Gold Continues the Contango
Comex gold futures and the futures curve of gold both are moving in contango, which further suggests that the market participants are relatively bullish on gold. While the gold prices are maintaining contango in the futures contract, the current futures contract are relatively trading in the negative zone as compared to the far expires contract.
Many industry experts anticipate the second quarter of the year 2020 to be challenging for the global market and for few commodities including iron ore; while such anticipations are already in place, it is well known that gold exhibit negative correlation with many other commodities such as iron ore, copper, crude, etc.
To Know More, Do Read: Mid-Year Budget Lowers Iron Ore Price Forecast; Emerging High-Yielding Dividend Opportunity?
The futures contract prices of gold are perfectly reflecting the market anticipation of a tough time ahead (provided economic conditions remain slow) with far contract trading at relatively high prices as compared to the near futures, which further suggests that the convenience yield of gold is currently low as compared to its storage cost.
Comex Gold Futures (Source: Thomson Reuters)
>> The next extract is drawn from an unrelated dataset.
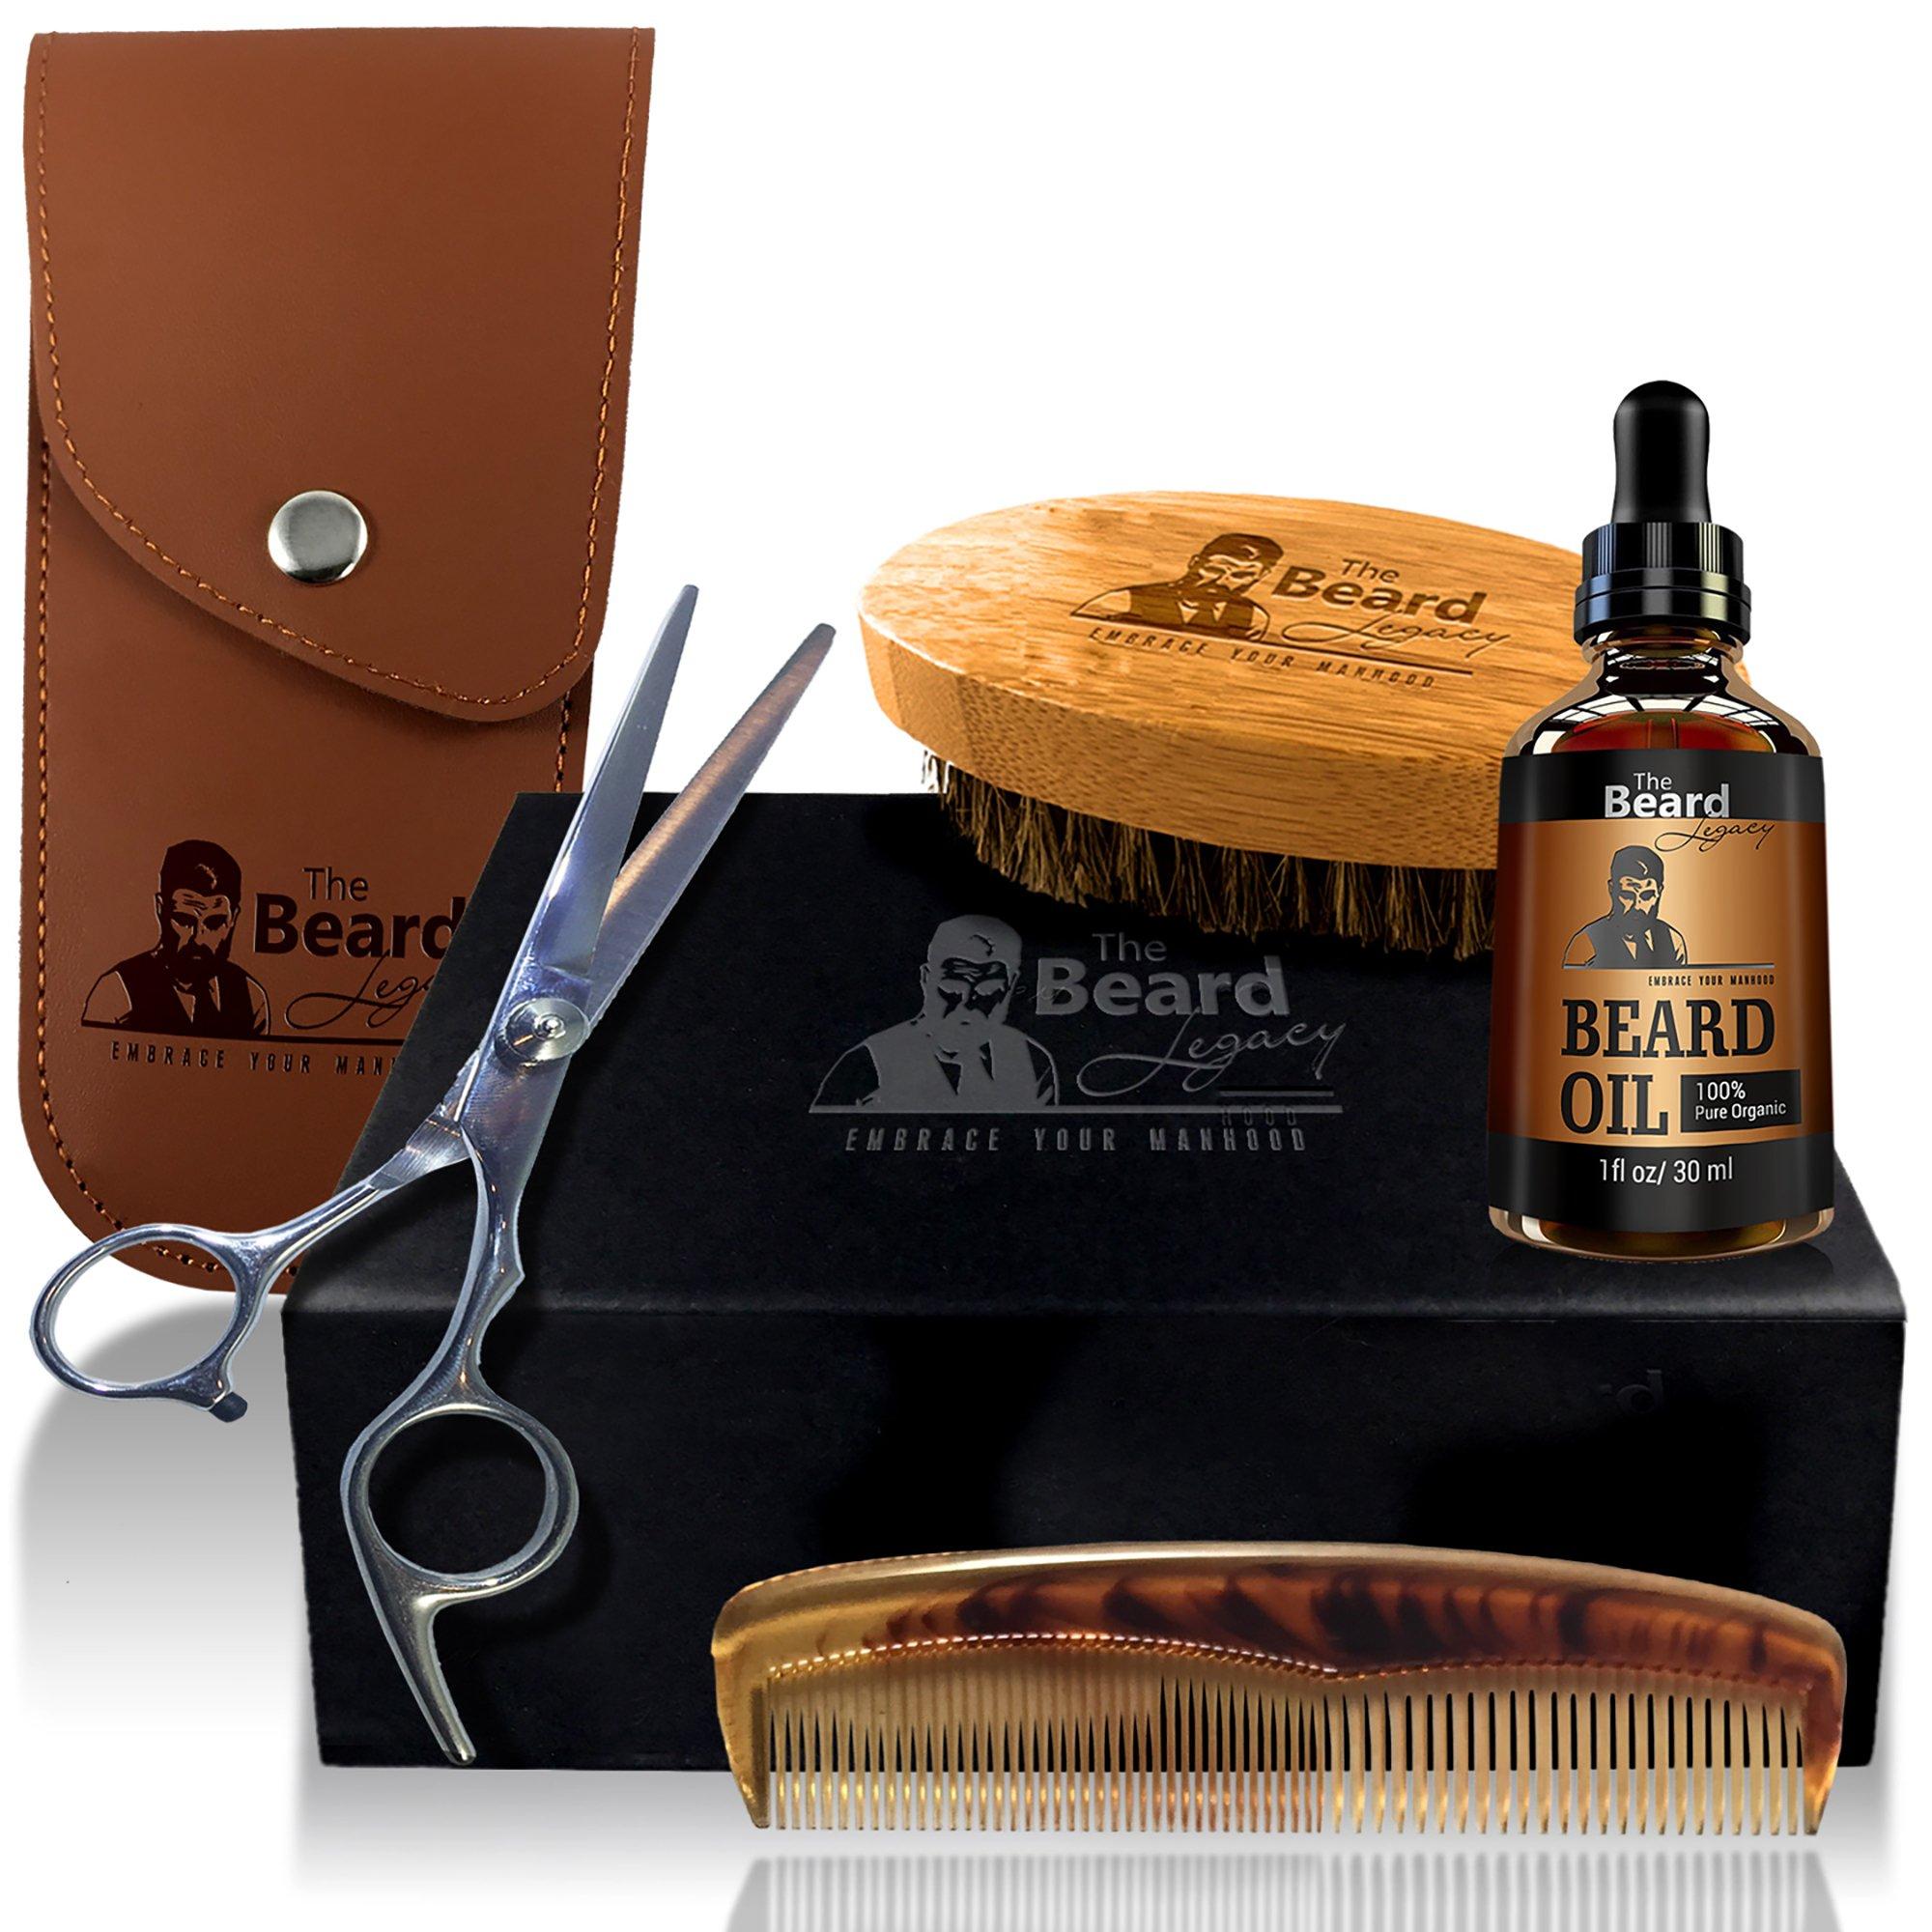 - Beard Trimmer - Beard Oil - Beard Growth - Beard Brush - Beard Comb - Beard Kit - Mens Grooming Kit - Beard Conditioner - Beard Growth Oil - Beard Grooming Kit For Men - Beard Scissors.
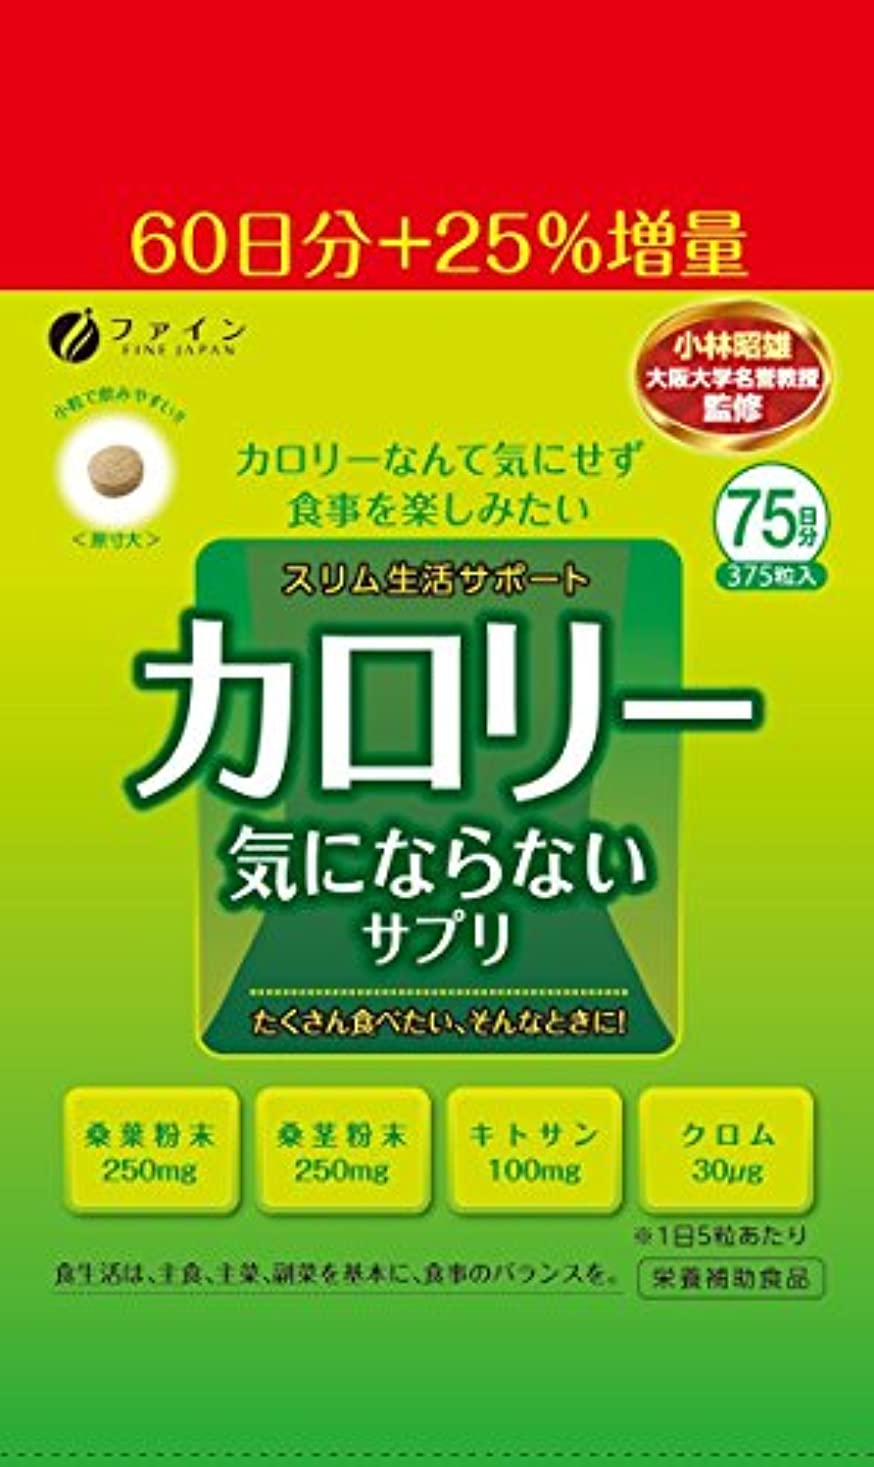 覆す推論旋律的ファイン カロリー気にならないサプリ 大容量品(200mg×約375粒)【3袋組】

To Know More, About Futures Related Technical Terms, Do Read: An Investors’ Guide for Commodity Valuation and Mining Stocks
Gold Seasonality Indicates Turnaround
Gold Seasonality Chart (Source: Thomson Reuters)
Gold seasonality chart is clearly showing that the gold repeat same pattern in a year with slight variations at time, which could be accounted for shifts in geopolitical and fundamental factors, and it could be seen on the chart, that gold usually recovered in the past at the end of the year, which could bring a Christmas-cherish on the bullion investor’s face.
While the above study reflects that the gold prices might recover soon with decent long-term indication, it would be a show for the eye to witness if the ASX gold mining companies would gain the lost momentum. Especially when the gold mining companies are engaged in aggressive acquisition and development to take advantage of spiked gold prices in the market.